Introducing Nomi Health
[00:37:01] Stacey Richter: So talk to me about Nomi Health.
[00:37:03] Mark Newman: So at Nomi Health, we work with the employers and their TPAs, and we do three things for them. One, we are their analytics platform to break open the black box. Two or their payment system to take back control of their money, right? Rather than outsource that and kind of separate that out.
And three, we then take the fact that we know where you spend your money and how you and move your money to then buy direct access with, from employers. We have about 19 million lives on our analytics platform already because people wanna break open that black box.

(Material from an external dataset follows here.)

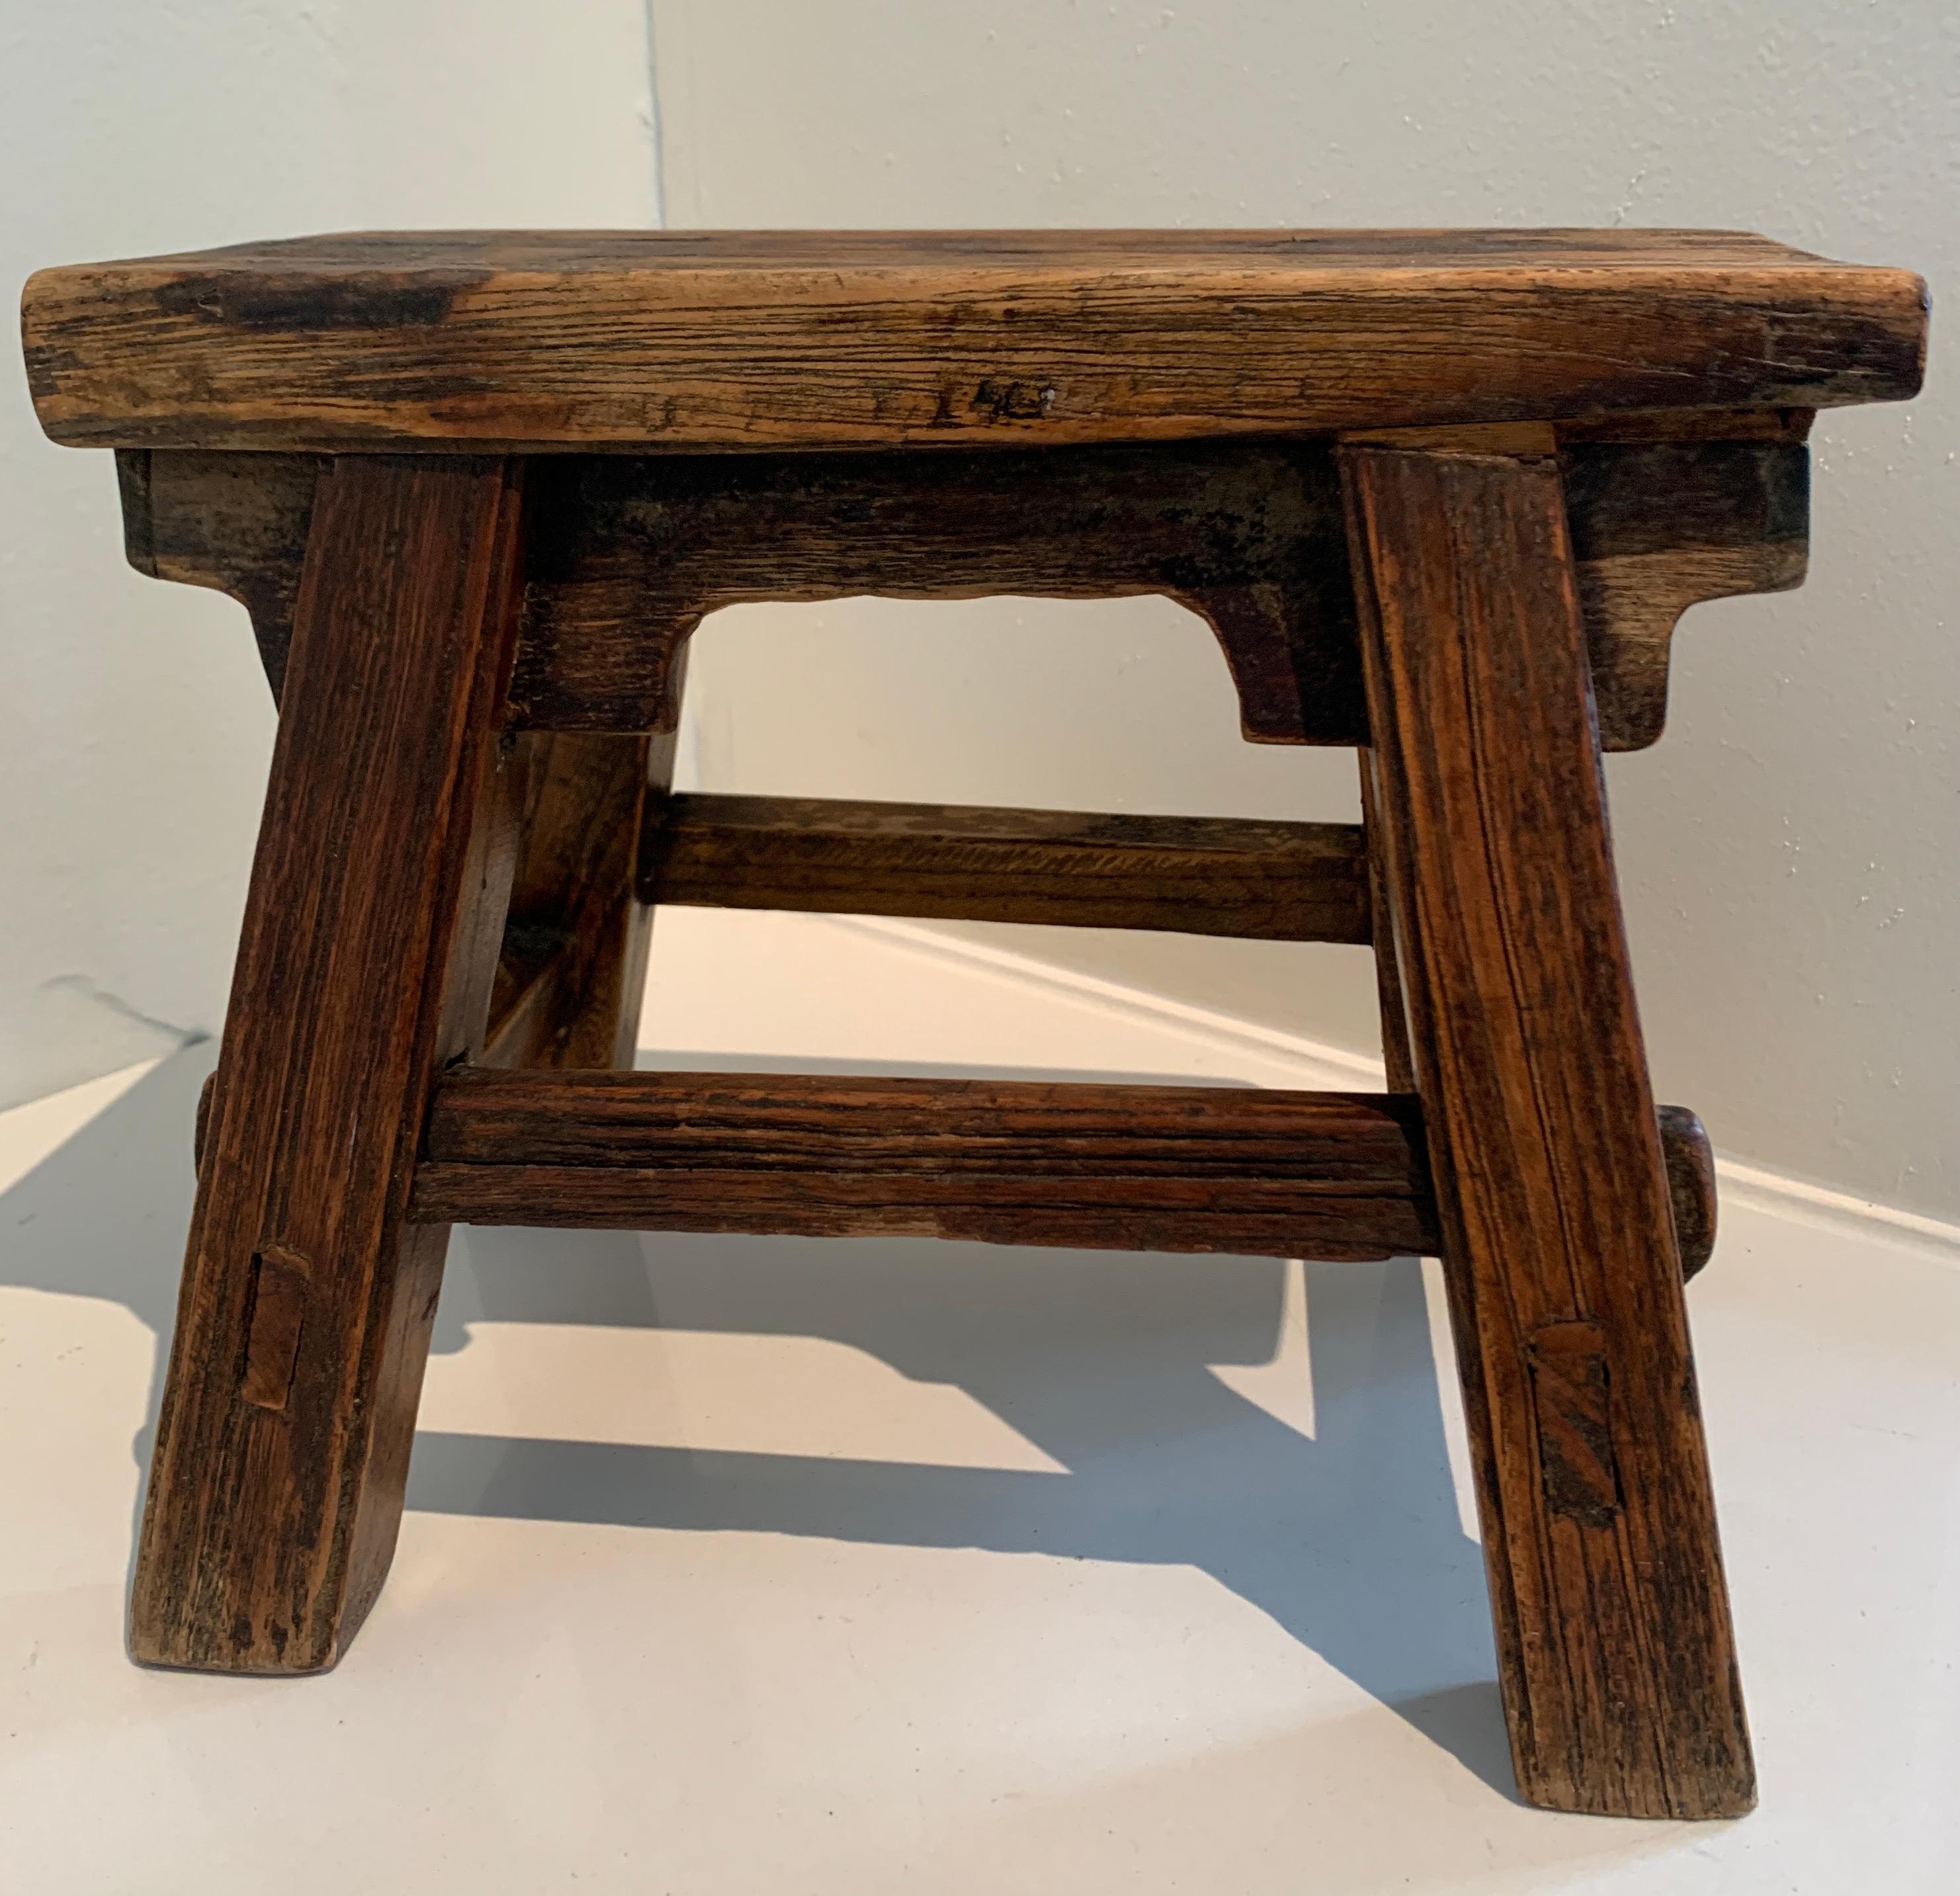 20th Century Hand Made Wooden Milk or Step Stool

We recently received our bank trust charter in the state of Nebraska and have been building out the, you know, the newest and modern digital payment system to providers, and we're about 40% of providers in America right now.
And then third, kind of off of that is building out these direct contractor relationships.
Conclusion: Join the Rebel Alliance
[00:37:46] Stacey Richter: Mark Newman, If someone is interested in learning more about Nomi Health, other than what you have talked about here, where would you direct them?
[00:37:53] Mark Newman: Come visit us at nomihealth.com. That's NOMI health.com or even reach out to me at mark@nomihealth.com. We are building the Rebel Alliance and, uh, want more members?
[00:38:04] Stacey Richter: Mark Newman, thank you so much for being on Relentless Health Value today.
[00:38:07] Mark Newman: Thanks for having me.